- _Your assignment_
Repeat exactly the lines of the material below that run from the "Renault VOLVO FH13, ECU" line to the "Merch dla Fanów" line, including both, and do not carry over any pictures.

- _Data_

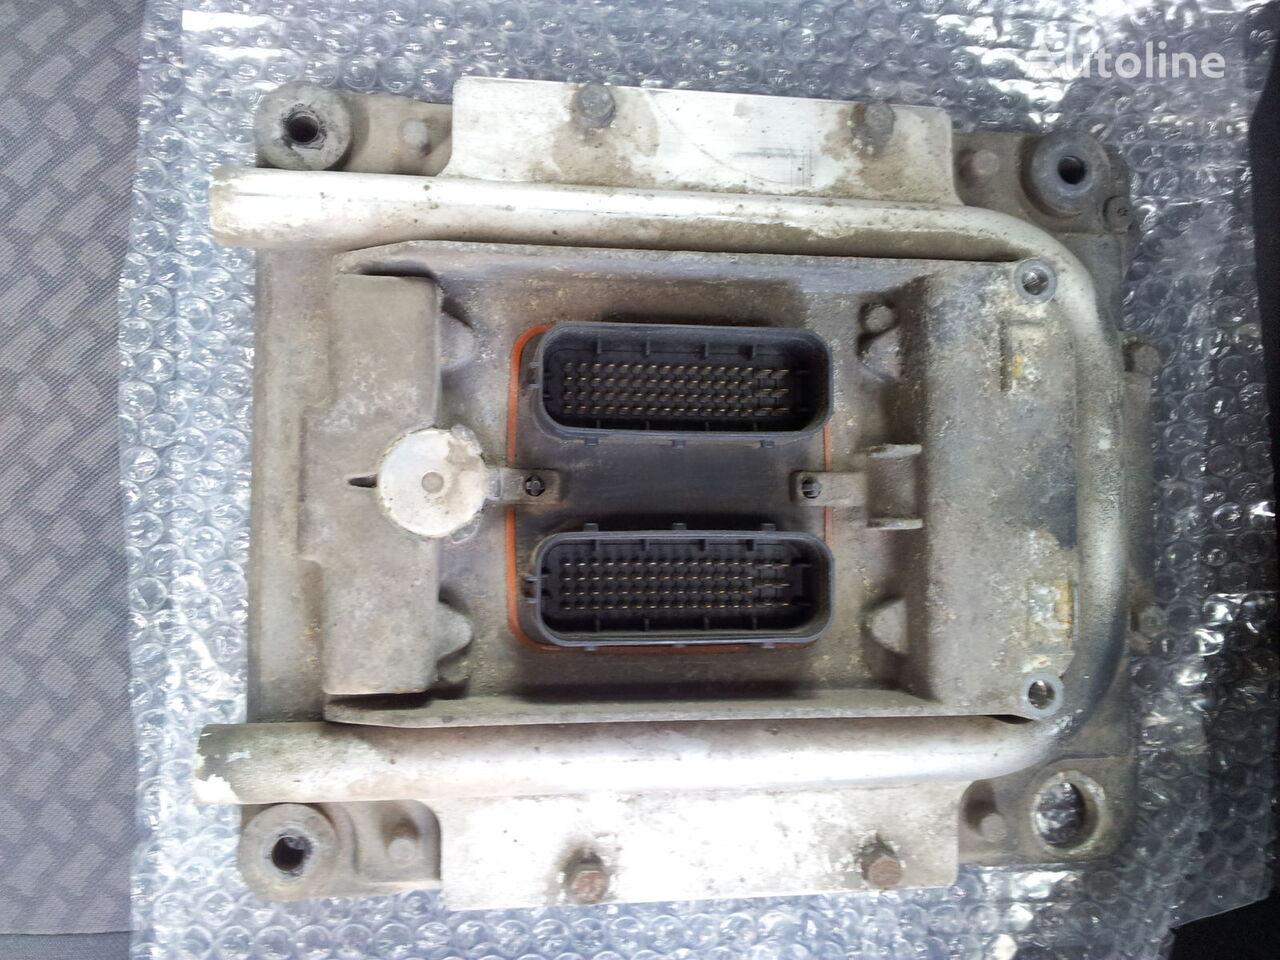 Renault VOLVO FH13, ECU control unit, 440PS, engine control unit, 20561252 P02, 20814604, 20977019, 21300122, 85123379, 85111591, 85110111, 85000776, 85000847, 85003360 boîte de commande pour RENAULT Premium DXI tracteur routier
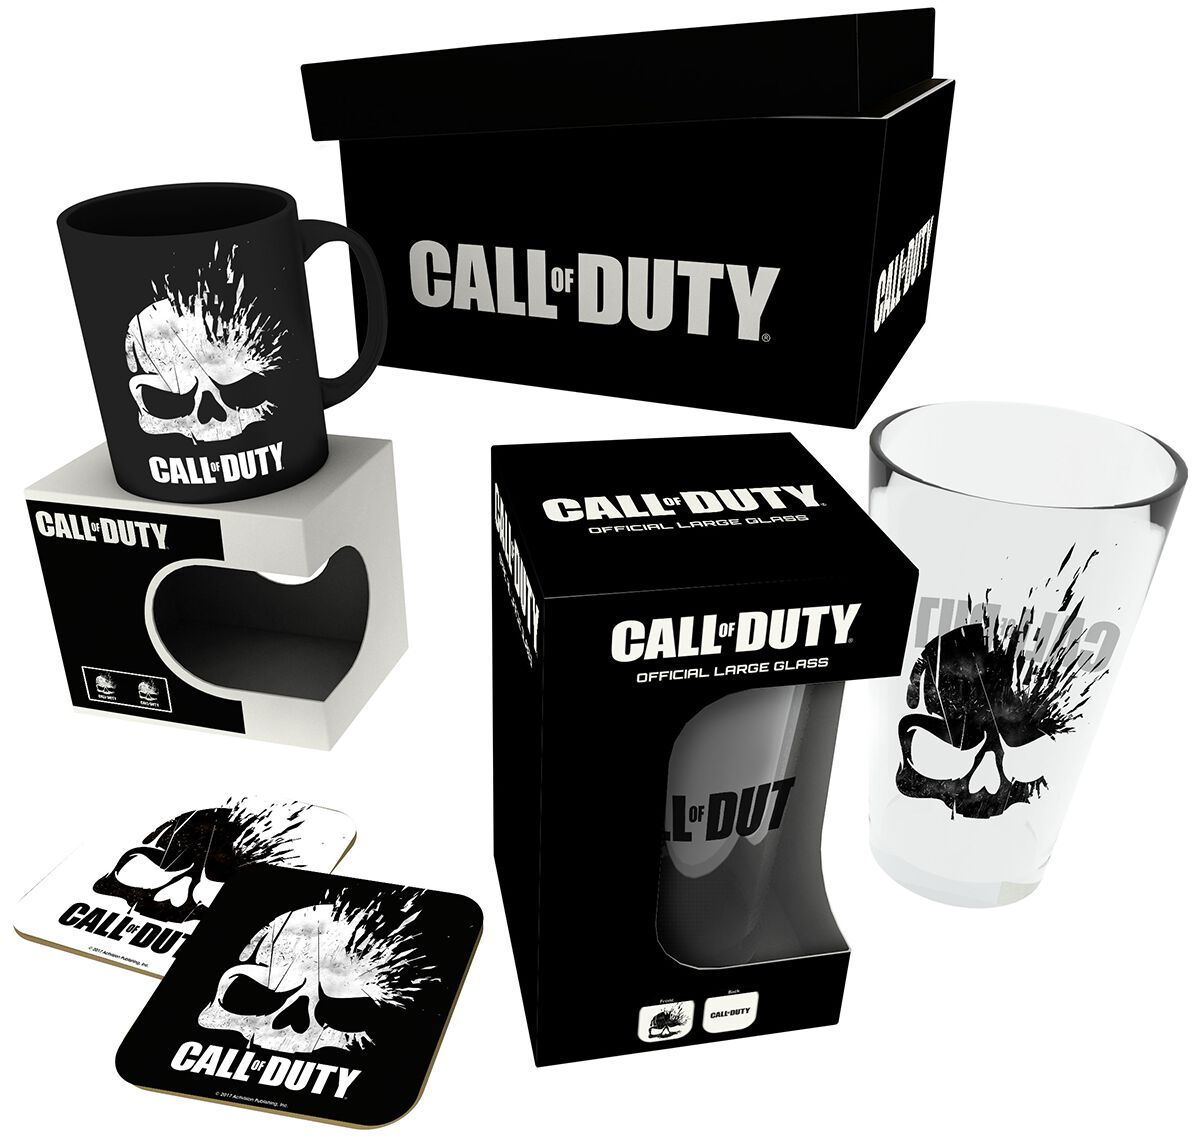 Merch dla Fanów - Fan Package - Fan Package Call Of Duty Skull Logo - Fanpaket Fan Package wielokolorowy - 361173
---
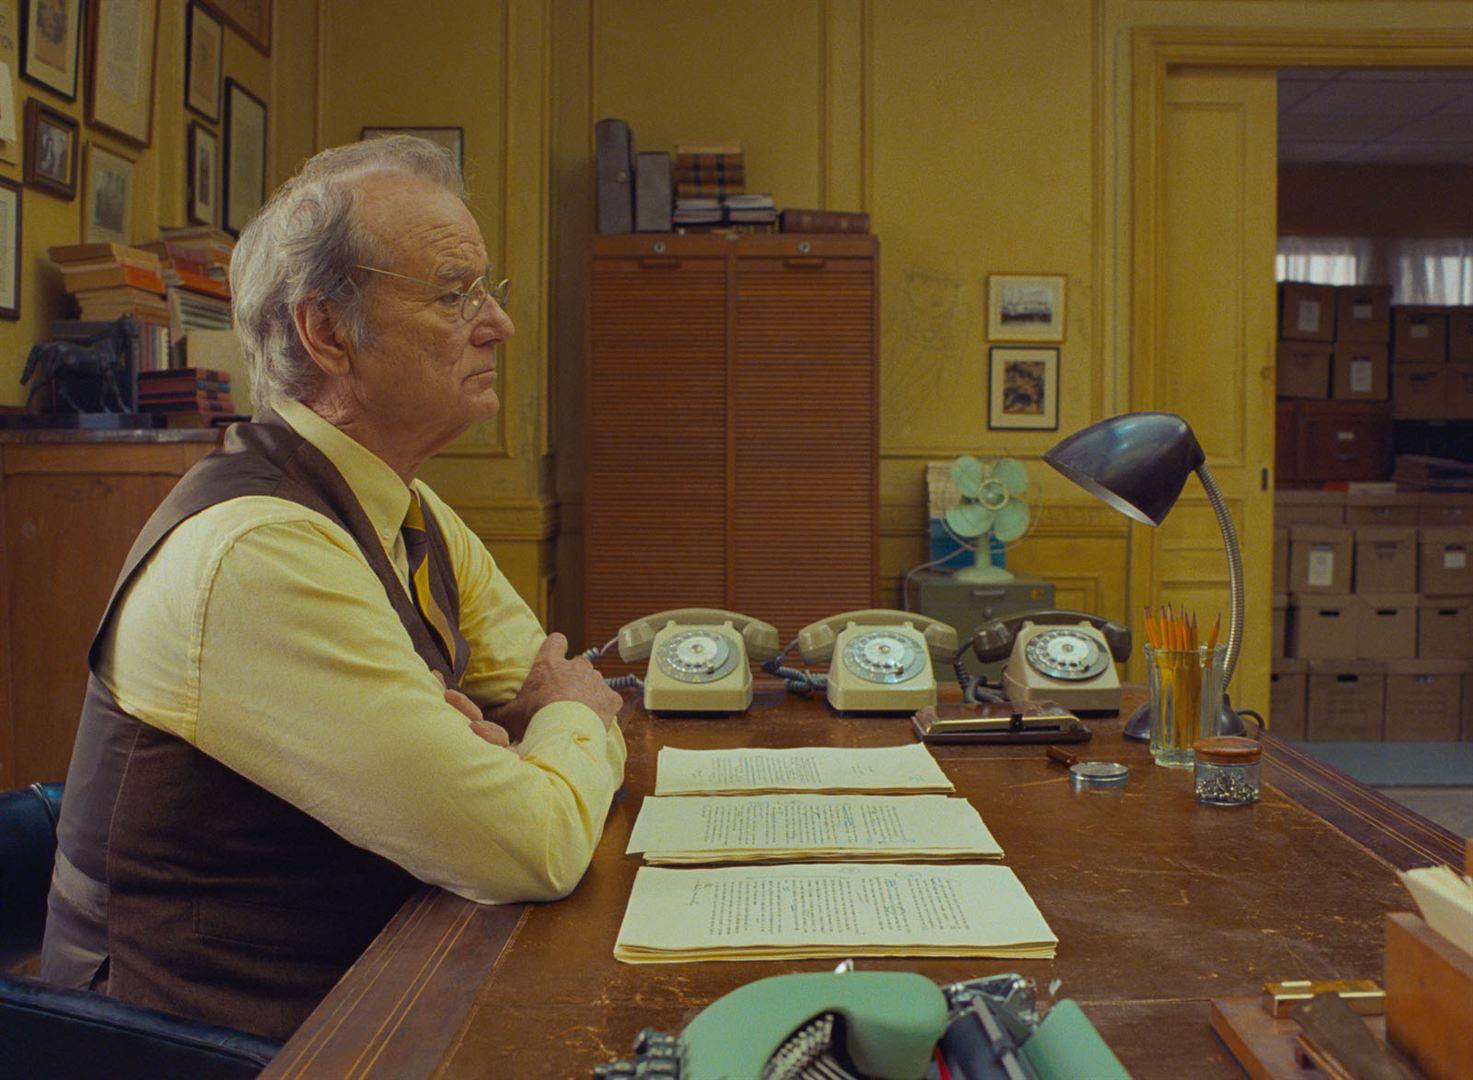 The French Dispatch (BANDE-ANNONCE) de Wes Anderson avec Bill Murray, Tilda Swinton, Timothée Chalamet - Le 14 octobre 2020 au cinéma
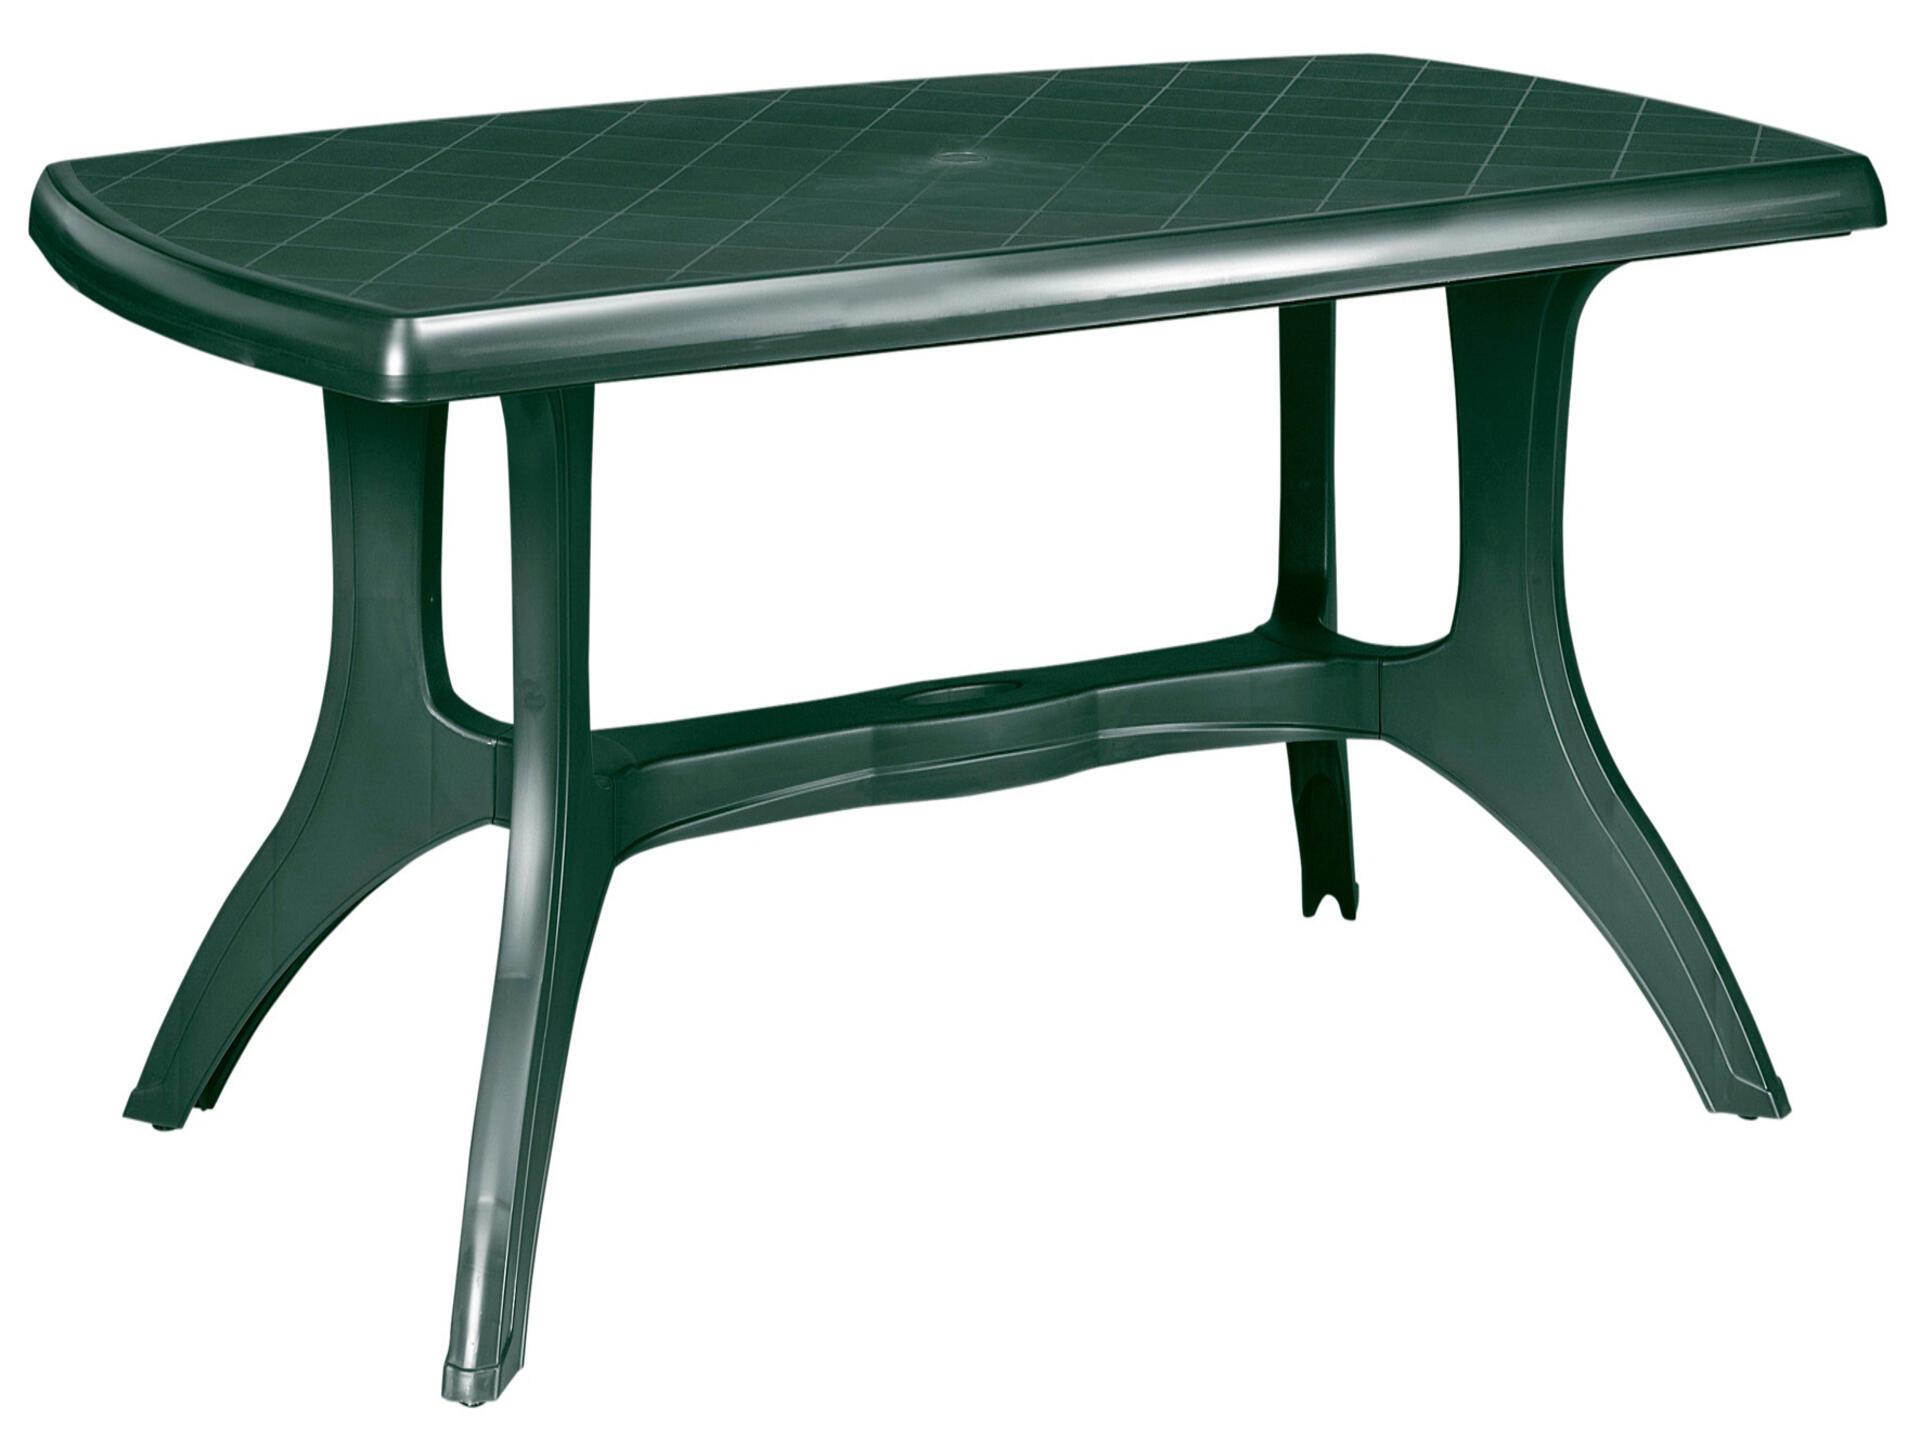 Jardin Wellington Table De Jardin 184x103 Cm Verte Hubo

- _Answer to the problem_
 Renault VOLVO FH13, ECU control unit, 440PS, engine control unit, 20561252 P02, 20814604, 20977019, 21300122, 85123379, 85111591, 85110111, 85000776, 85000847, 85003360 boîte de commande pour RENAULT Premium DXI tracteur routier
 Merch dla Fanów - Fan Package - Fan Package Call Of Duty Skull Logo - Fanpaket Fan Package wielokolorowy - 361173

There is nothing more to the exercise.